Saturday, December 3, 2022

Hurt

It hurts. 

It hurts when people you care about say they want your time, but won’t make time for you. 

It hurts when you are desperate to interact with someone outside of work and you realize no one is available.

It hurts when you tell the good stories and are told you are “humble bragging”.

It hurts when you tell the bad stories and are told you only complain. 

It hurts to give everything to kids at school and be told that you aren’t giving enough.

It hurts to come home at night and have nothing left to give to your own family.
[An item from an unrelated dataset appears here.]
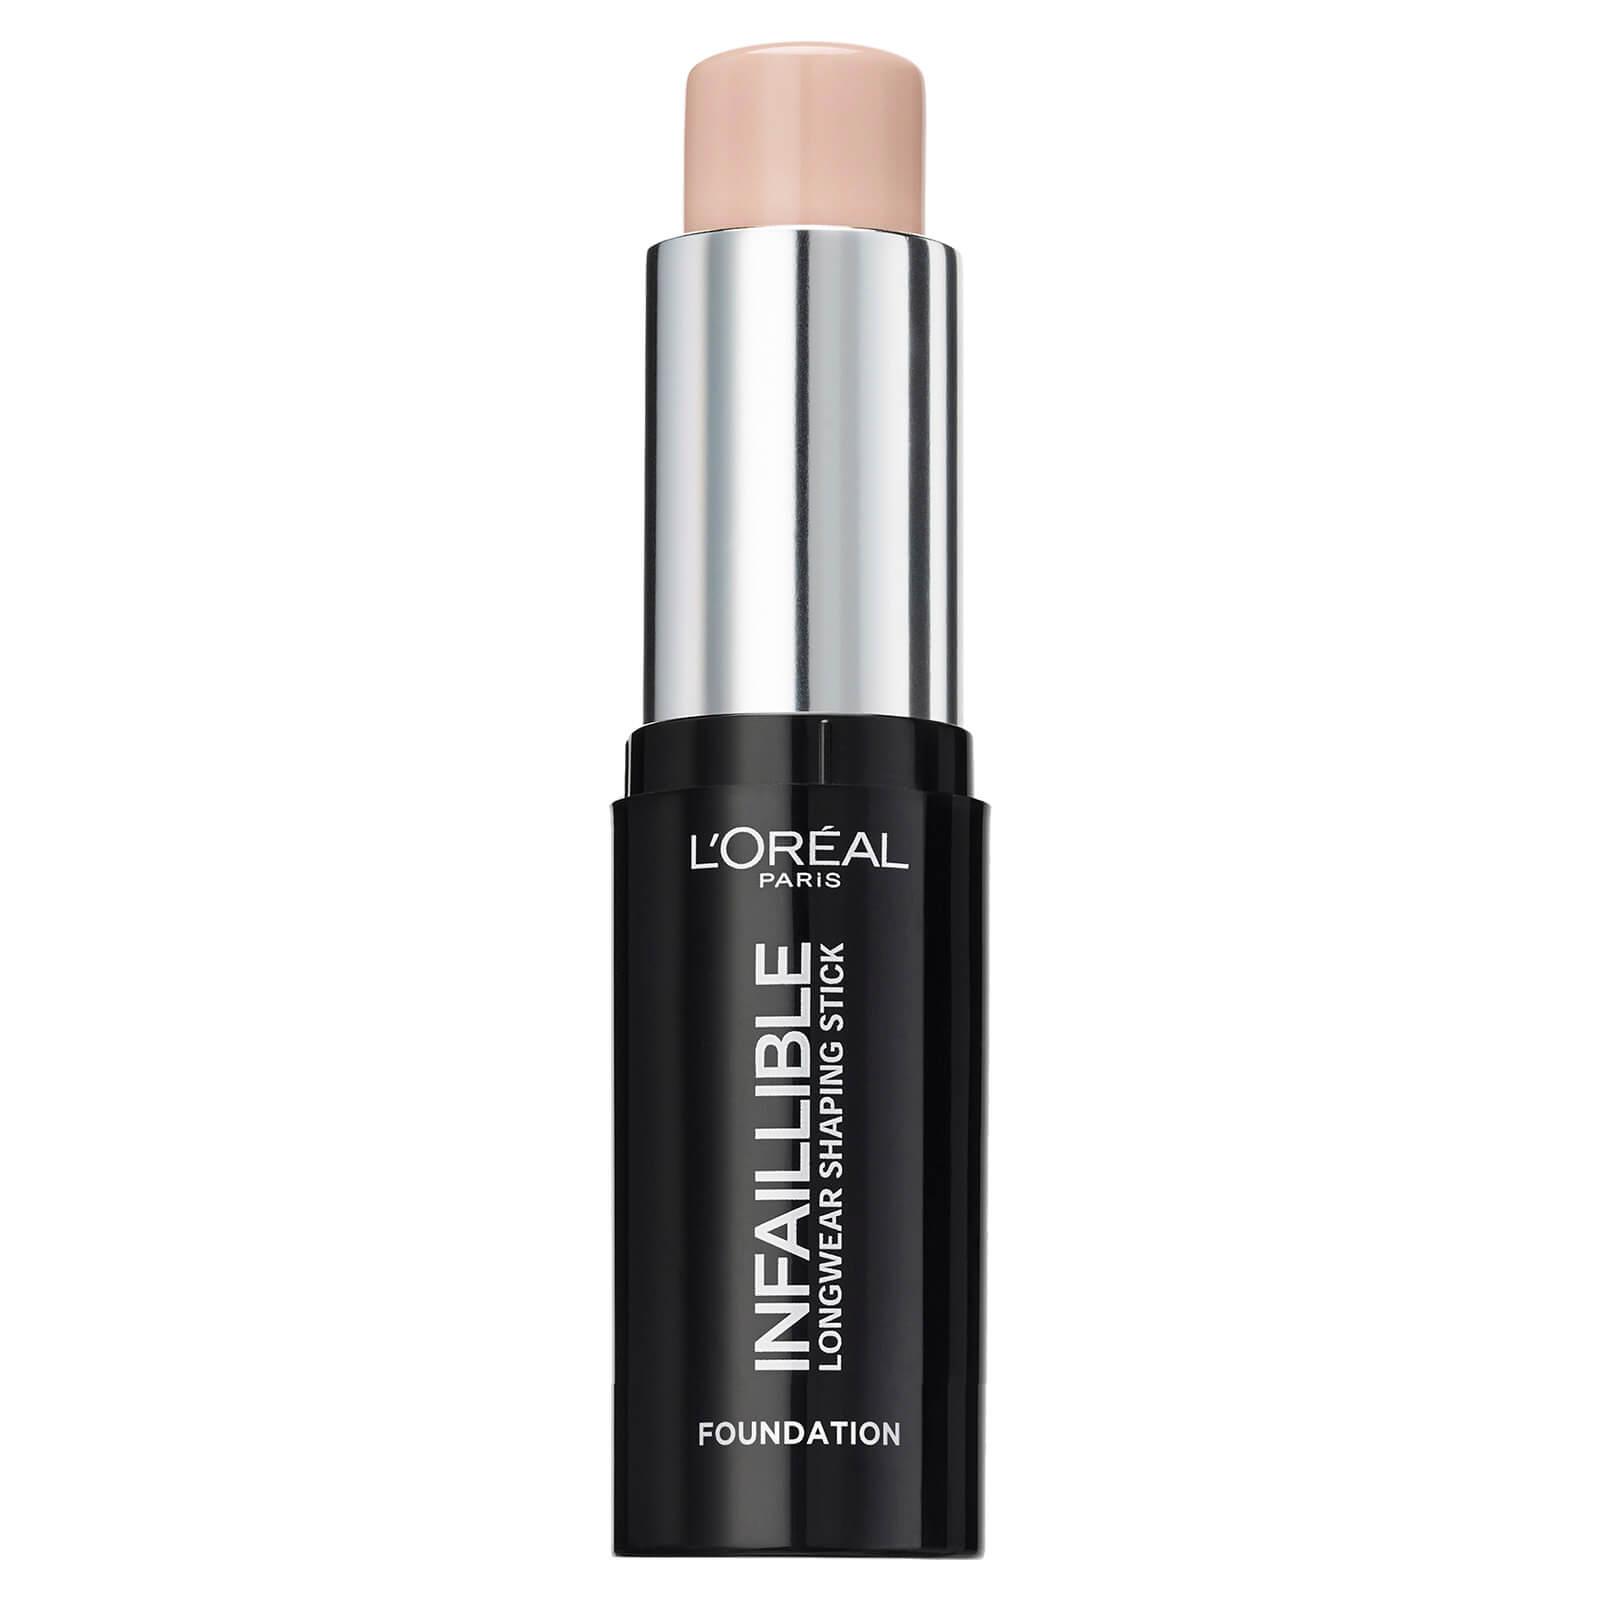 Купить L'Oréal Paris Infallible Shaping Stick Foundation 9g (Various Shades) - 150 Beige Rose

I‘M hurting. This is a cry for help. 

I don’t know how to do this much longer. 

The smiles are always forced.





Shutting up and down

When it’s something good that happened or a sharing of a compliment, it’s a humble brag and I’m ridiculous.

When it’s a story of frustration or hurt, all I do is complain. 

Almost 34 hours ago exactly I learned a new truth: my worth is simply shutting up, smiling and nodding when appropriate. 




Sunday, November 20, 2022

Annual holiday truths

This is my brutal truth:

I have no ideas for anyone for Christmas. Like, literally no one. My mom. My husband. My own children.
No one.

I don’t want to do this.

Can we just fast forward a few months so I don’t have to deal with the anxiety and pressure of cleaning and decorating and cooking and wrapping?! I’m hyperventilating and feel like my only identity right now is servant and my head hurts and I just can’t. If I give 100% of myself at school (which is apparently not enough and I need to somehow move faster and do more and be more and expect less… somehow), and 100% of myself to my family who think I’m insane or just feeling sorry for myself, and 100% to all the people in my life and 100% to maintaining a household and where is there room to breathe?! I don’t have balance. I don’t even know what balance looks like. I have several unfolded laundry baskets and dirty hair and dust everywhere and clutter and 12 things to return to Amazon, but no balance. 

And I have people I love dearly who are struggling. People who are dealing with far more than they should ever have to in a lifetime. And I feel as though I can’t help; I can’t lend a shoulder or an ear or a hand to help because I’m drowning and my own life vest is floating out to sea.